Bankei Yōtaku was one of the great Japanese Zen masters, he lived for years as a hermit and when he finally reached enlightenment, he refused an honorable position inside the monastery and preferred to continue to help in the kitchen. However, the fame of his wisdom was so great that students came from all over Japan to listen to him.
It is said that during one of those meditation weeks, one of the disciples was caught stealing. The young man was reported to Bankei to expel him. But Bankei ignored the case.
A few days later, they surprised the disciple again by committing a similar act but, once again, Bankei ignored the question. This situation angered the other disciples, who wrote a petition asking that the thief leave the monastery because they did not consider him worthy to be there. If the Zen master had not expelled him, they would have left the monastery.

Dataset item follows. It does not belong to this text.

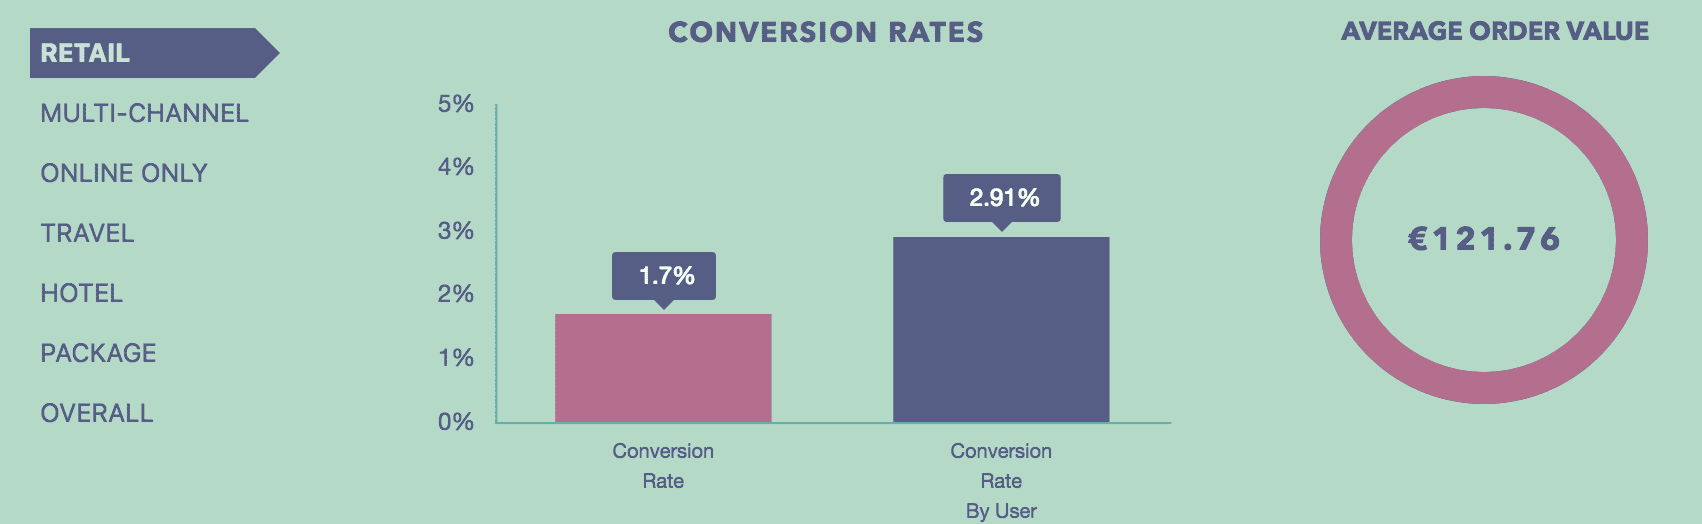 Współczynnik konwersji - wizyta vs użytkownik

When Bankei read the petition, he gathered all his disciples and said to them:
“You are wise people” he told them. – You know the difference between right and wrong. You can go to another monastery to continue your apprenticeship, if you wish. But this poor young man does not even know how to distinguish the good from the evil. Who will teach him if I don’t? I will keep him close to me until he learns.

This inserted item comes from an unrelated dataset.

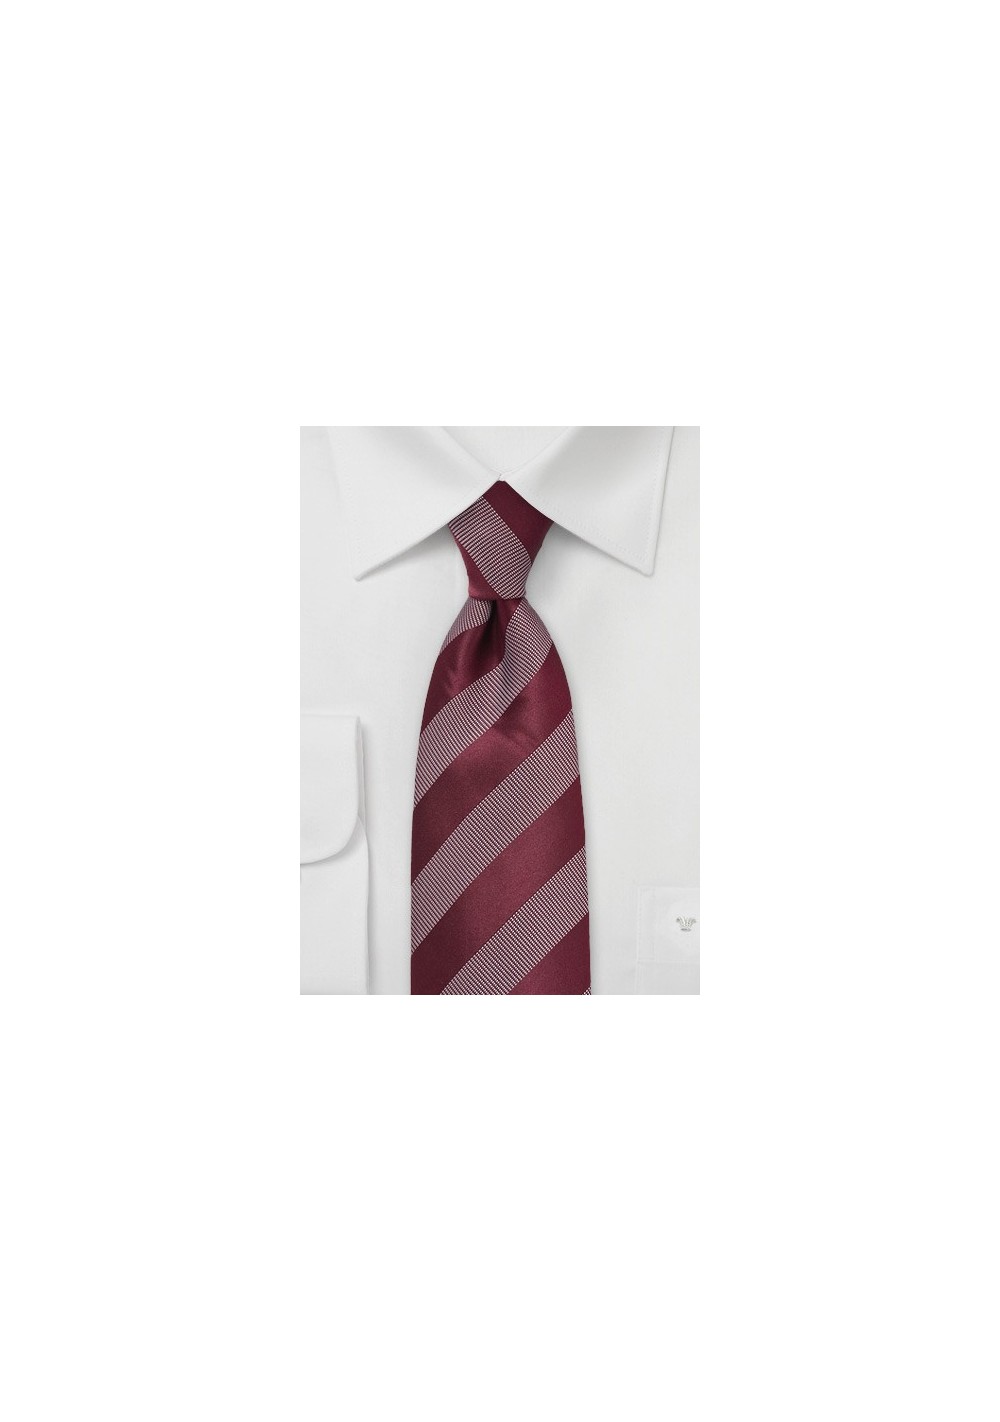 Striped Tie in Modern Merlot

A river of tears flooded the face of the disciple that had stolen. At that precise moment, all the desire to steal was gone.
Everyone can criticize, few can forgive and be compassionate
Sometimes, a simple story can teach us much more than a philosophy book. The enormous power of the stories is due to the fact that overcome the barriers of rationality, touching the emotional fibers, which are those that generate the deepest knowledge.
In fact, in Buddhism it is stated that everything worth to be learned cannot be taught. It means that the most important lessons, those that change and transform the way we see the world, come from within.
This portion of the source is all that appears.